Thursday, August 6, 2009
Fastest Bird in the World: Peregrine Falcon
Fact or Fiction? Various accounts report top speeds ranging between 100 and 250 miles per hour for the Peregrine Falcon. Most, however, agree that in a stoop (when the bird is diving on prey) that it is indeed the fastest on our planet. Recent technology enabled a team of scientists, lead by falconer and researcher, Ken Franklin, to attach a speed monitor similar to those used in sky diving to his falconry bird, Frightful. National Geographic filmed her remarkable descent as Frightful adjusted her body’s position to become as streamlined as possible once the lure (a leather pouch designed to look like a bird) was released. Although some might argue that since the bird was lifted aloft via aircraft, possibly skewing the results, Frightful reached a top speed of 242 miles per hour while diving on a lure, impressive in the extreme.

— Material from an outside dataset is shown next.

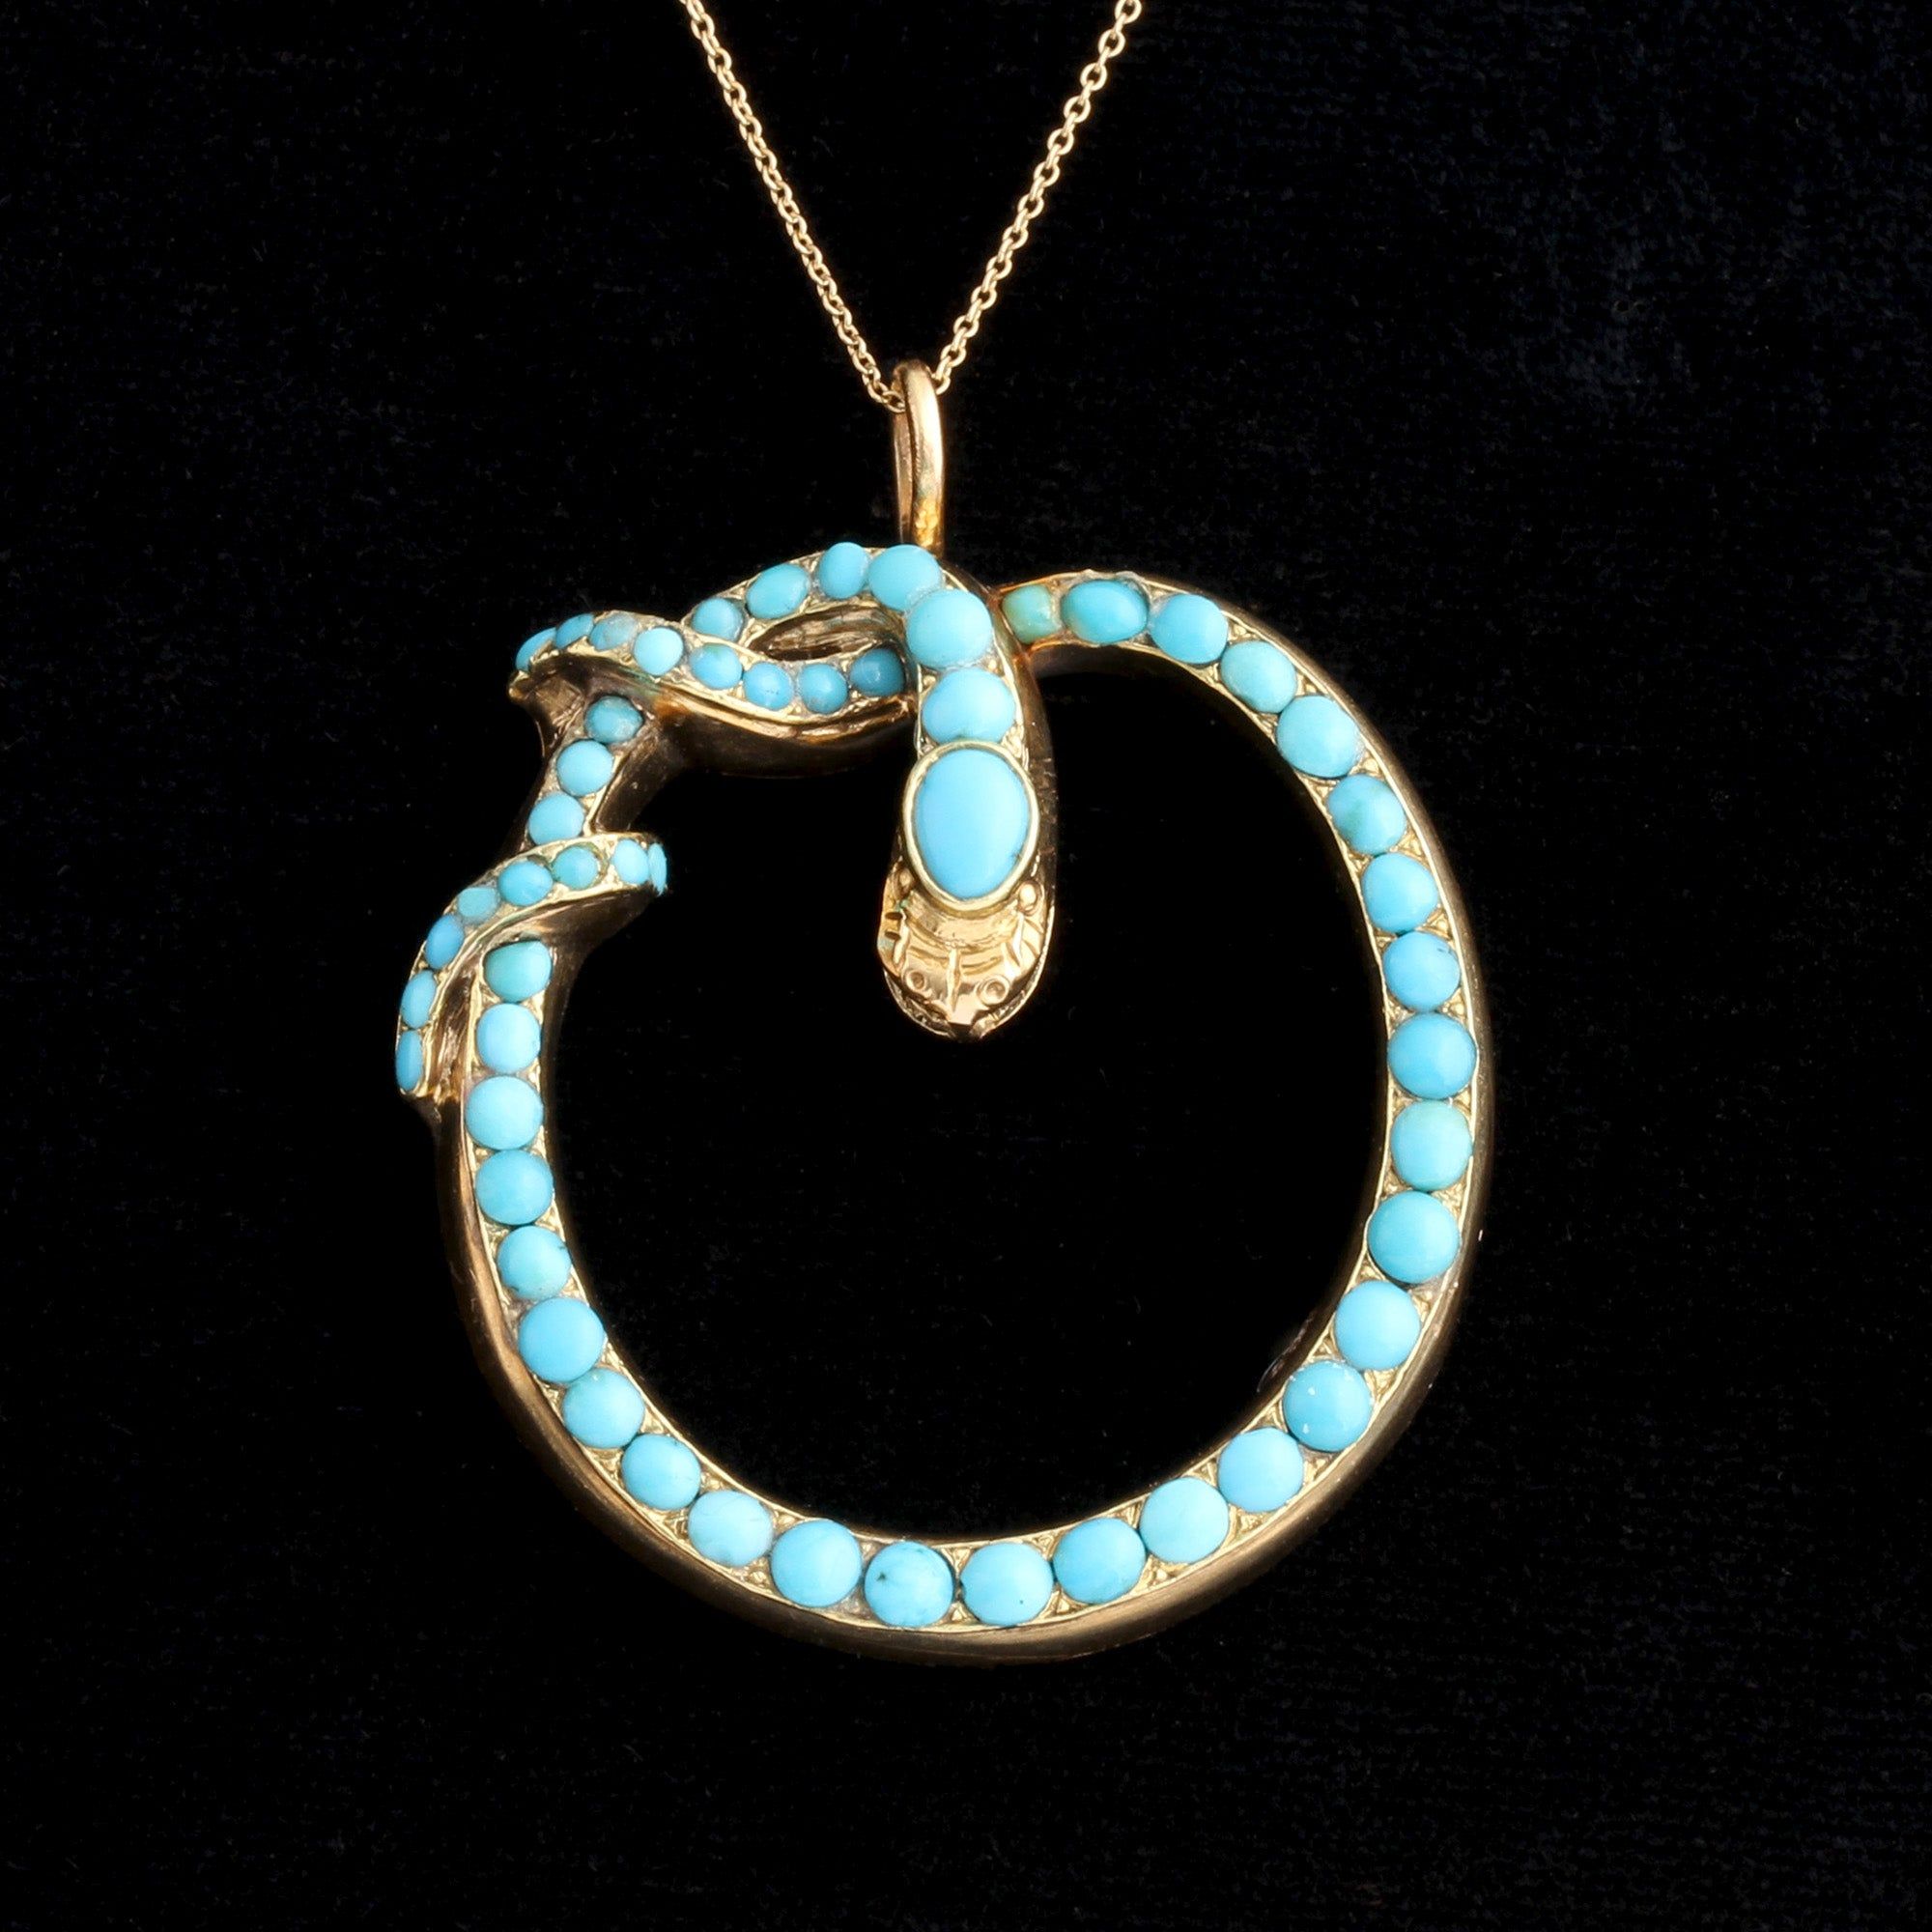 Victorian Turquoise Snake Necklace
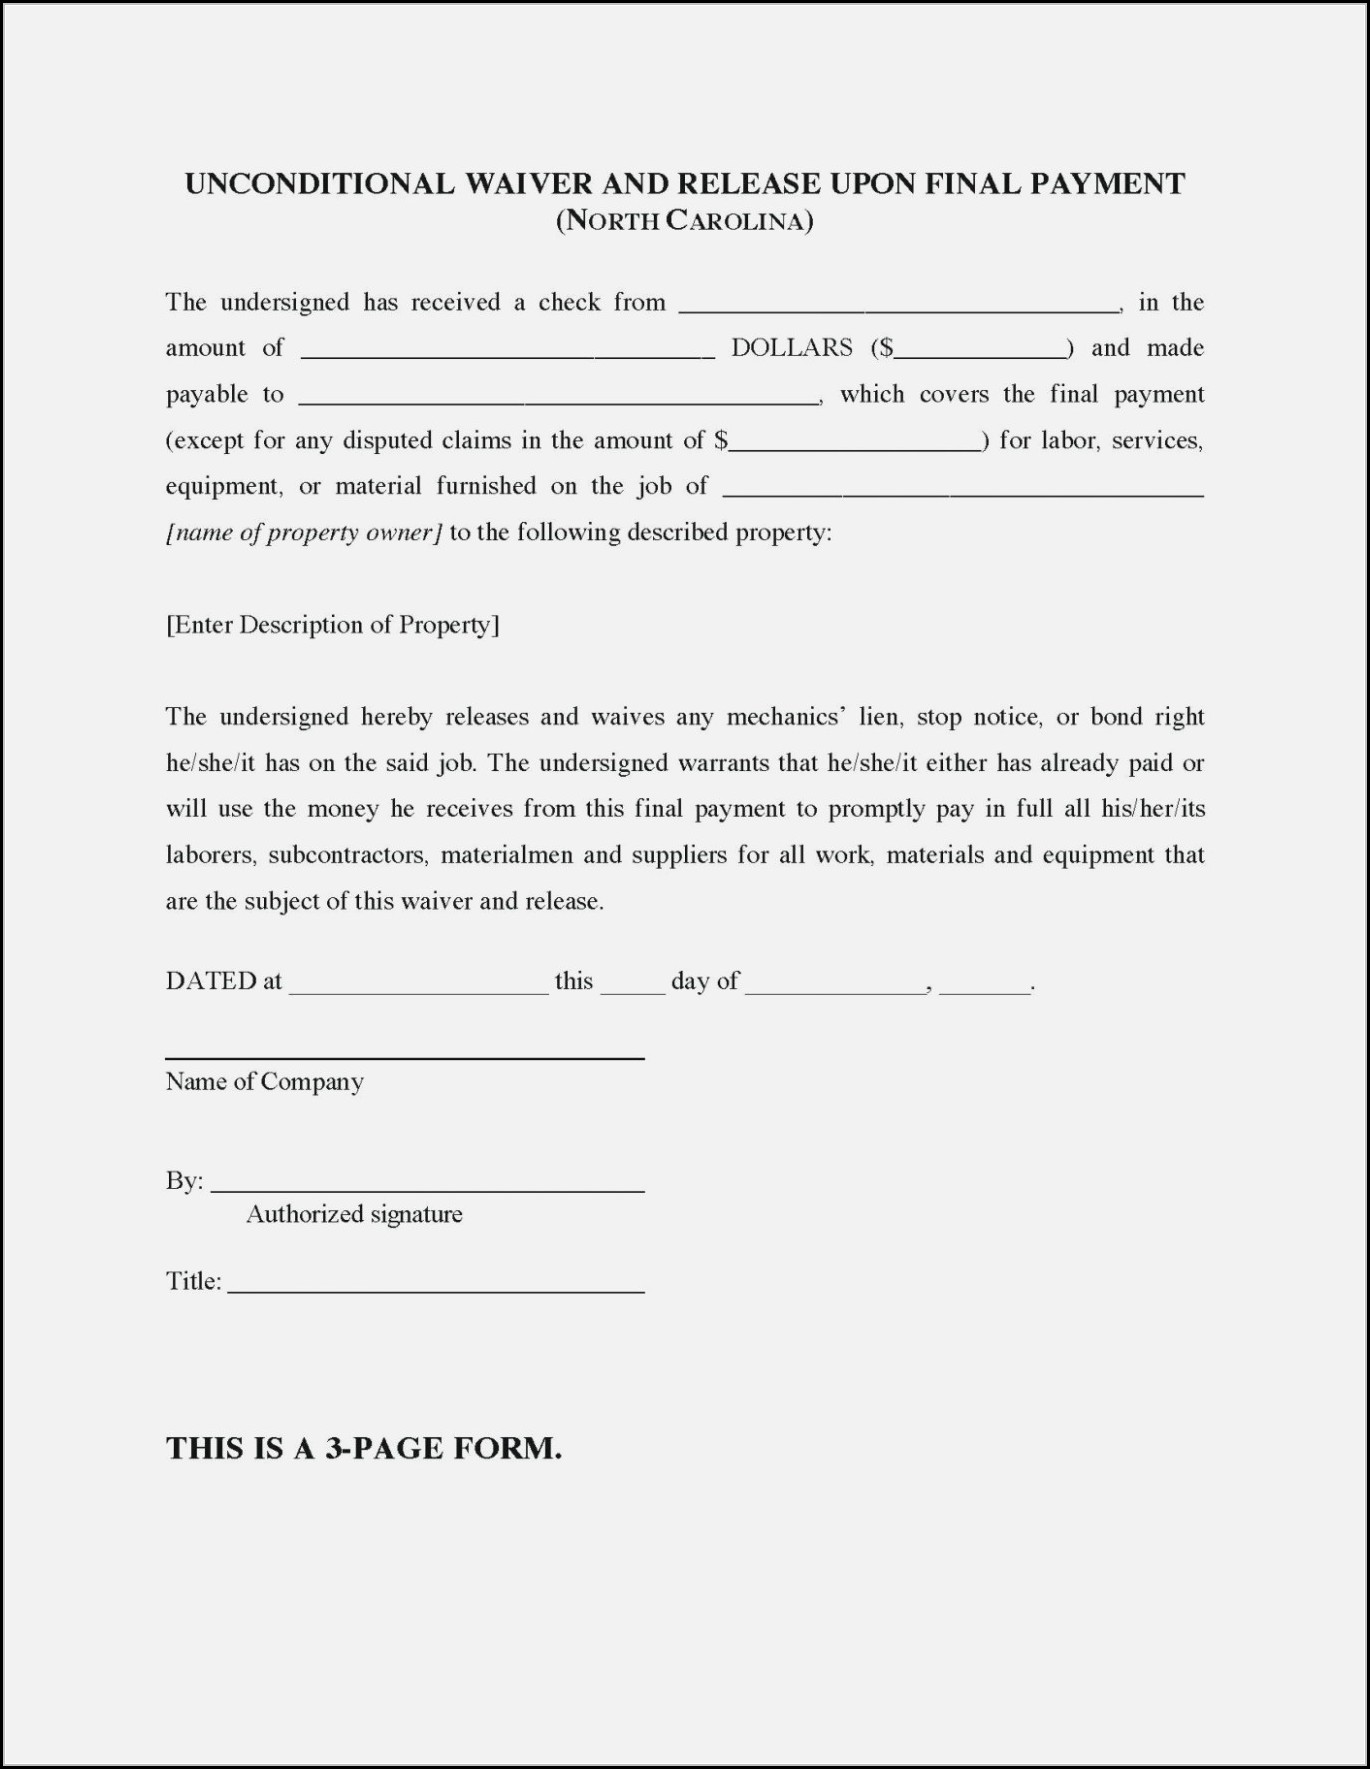 lien-waiver-form-with-notary-form-resume-examples-pw1gawg3yz

Extreme might be one of the adjectives that best describes this remarkable species. Throughout history, humans have been held spellbound by the aerial acrobatics of the peregrine and other large falcons. Few other North American species have been as highly regarded and romanticized in the second half of the 20th century. The peregrine is among the most studied of all wild birds, with over 2,000 scientific publications. The falcon has been eulogized in numerous books and poems, and appears in a wide variety of art dating back several centuries. Its daredevil acrobatics undoubtedly inspired the sport of falconry, where participants may witness these remarkable flights close at hand. During the heyday of falconry in the Middle Ages, the peregrine was the most prized of hunting hawks and reserved for the pleasure of the aristocracy. Severe penalties were incurred for harming a wild falcon or robbing her eyrie (nest).
Revered to reviled: After the introduction of firearms, and conversion of land to agriculture, the sport of falconry declined, and peregrines came to be regarded as vermin, relentlessly persecuted by gamekeepers, hunters, egg-collectors, skin collectors, pigeon fanciers, and others. From the 18th century until the mid 1900s, this attitude persisted and humans destroyed many thousands of peregrines, eggs, and young worldwide. It should be noted that this attitude extended to all raptor species, not just falcons. Yet, falcon populations were remarkably resilient to hunting pressure. One estimate reported a decline of only 10-18% in occupied territories by the 1930s and it was impossible to determine the if they were permanently deserted.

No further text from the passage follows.